Il raggiungimento della pace tuttavia non è impresa semplice a causa della forte influenza del modello economico vigente che in larga misura è l’unico a decidere la direzione della maggior parte degli investimenti mondiali. «Il denaro spesso è visto come il simbolo di un sistema che amplifica il nostro egoismo e devia dalla crescita spirituale», sottolinea Susi Snyder, coordinatrice del progetto internazionale “Don’t bank on the bomb”. La più concreta manifestazione di un’economia che non contribuisce alla pace è il comparto dell’industria bellica: nel solo 2019 le spese militari mondiali hanno raggiunto la cifra di 2 trilioni di dollari, dei quali 72-73 miliardi per lo sviluppo di armi nucleari. Queste cifre sorprendono se si pensa che ormai è universale lo stigma contro questi strumenti di distruzione nel breve e nel lungo periodo. «Sono i simboli di un’economia che finanzia guerra e morte invece della pace» - precisa– «sono contro le persone, l’ambiente e il futuro».

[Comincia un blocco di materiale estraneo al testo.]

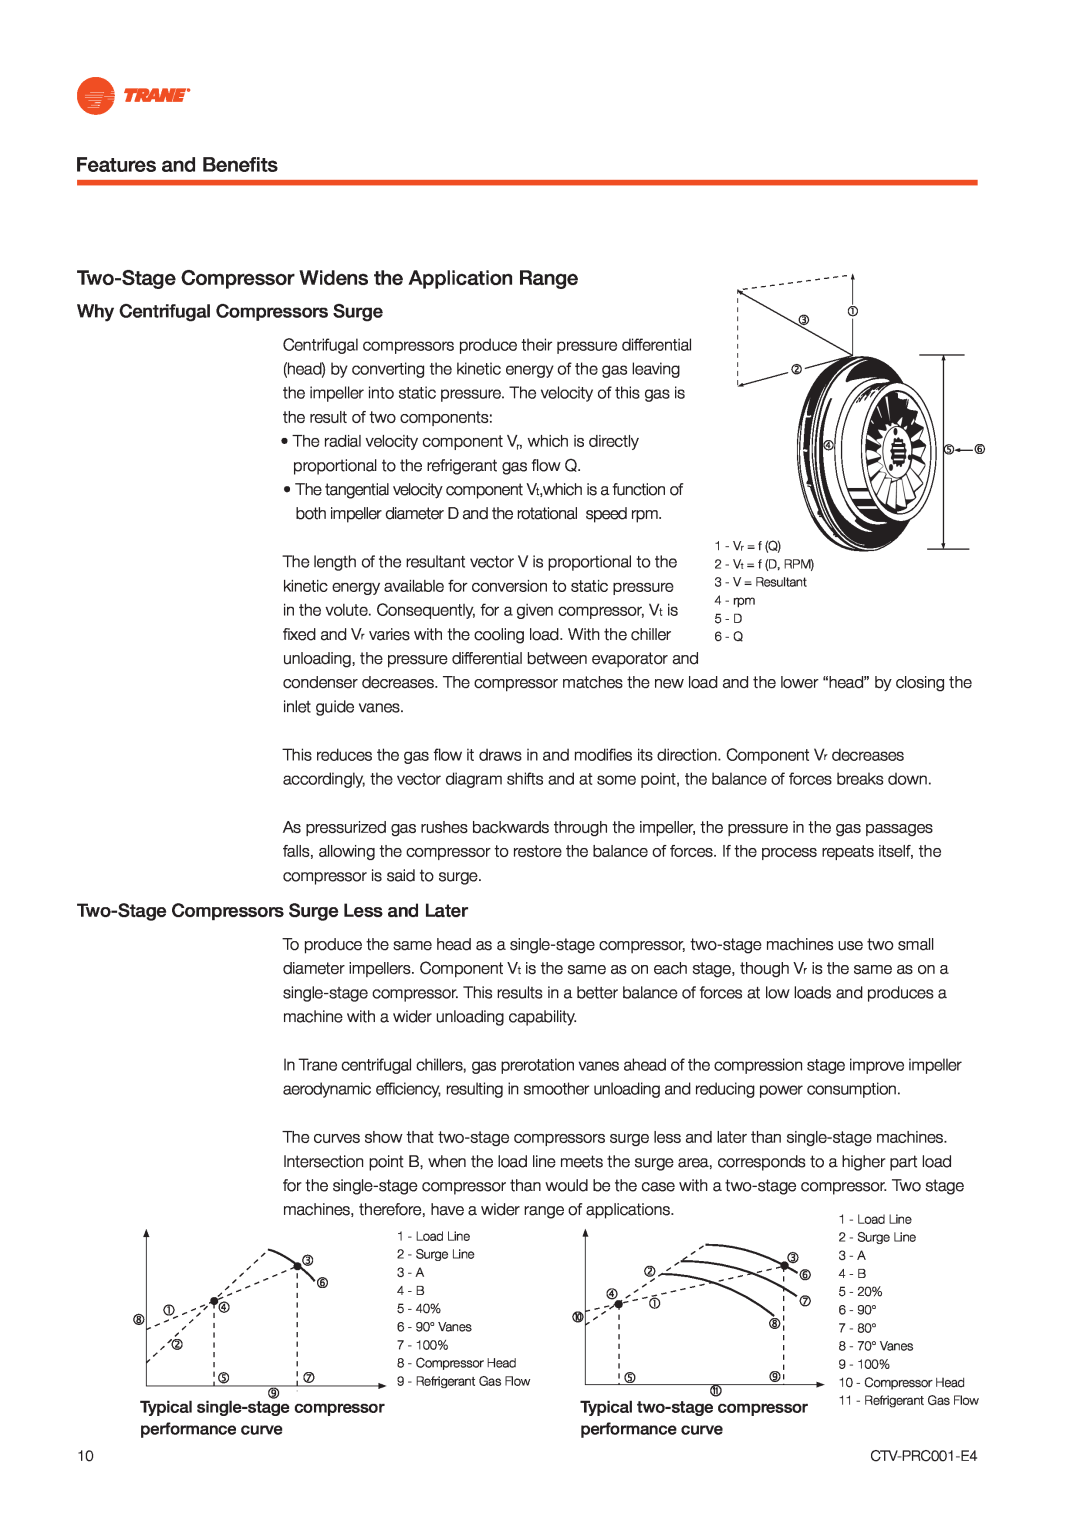 Trane CVGF manual Features and Beneﬁts, Two-StageCompressor Widens the Application Range, Why Centrifugal Compressors Surge

Ci sono però notizie positive: non solo un sempre maggior numero di investitori sta rinunciando all’industria bellica e il prossimo 21 gennaio (pur con l’importante distinguo ricordato dal professor Caruso) entrerà in vigore il citato trattato Onu che mette al bando tutti gli armamenti nucleari.
Il cammino è ancora lungo, ma con la volontà e l’aiuto di tutti realizzare la pace è possibile.